Not really. STRC's 12% is a declared rate on a $100 stated amount from an issuer with escalation mechanics. BITA's range is a strategy target that floats with implied volatility and is partly offset by capped upside and NAV drift. Comparing the two headline numbers is the single most common analytical mistake with these products.
Which is safer?
They fail differently. BITA cannot default but fully participates in Bitcoin's downside (minus premium). Preferreds insulate you from BTC's daily price — until issuer stress makes the insulation itself the question. "Safer" depends entirely on which risk you'd rather hold: market risk or credit risk.
Do the ETFs threaten Strategy's ability to issue preferreds?
Partially. They compete for the same income-seeking marginal dollar, and BlackRock's distribution is formidable. But they cannot replicate seniority, cumulative claims, or a par-anchored instrument — the buyers who specifically want a fixed-income-shaped claim on Bitcoin still have exactly one liquid ecosystem offering it.
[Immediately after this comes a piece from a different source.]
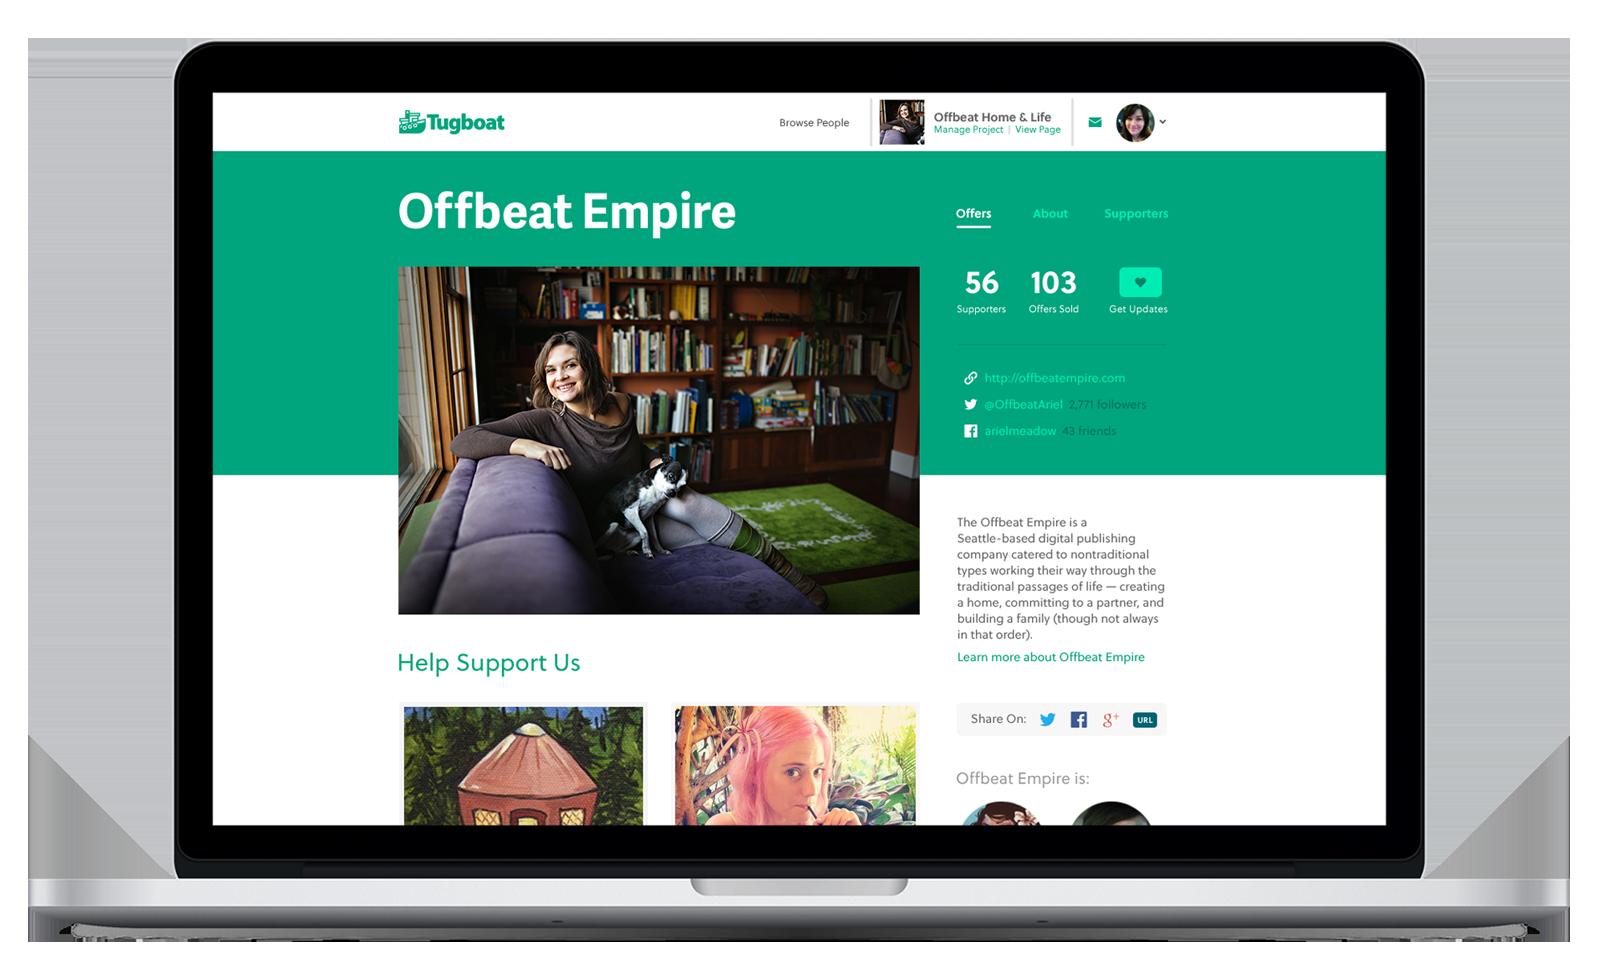 tugboat_publisher_offbeat

The bigger threat to the preferreds is not BITA; it is Bitcoin's price and Strategy's own cost of capital.
Can I hold both?
Structurally they're closer to complements than substitutes: one is BTC beta with volatility monetized, the other is BTC-adjacent credit. Many income allocations pair market-risk and credit-risk instruments deliberately. Position sizing, jurisdiction and tax treatment are individual questions — this article is educational, not advice.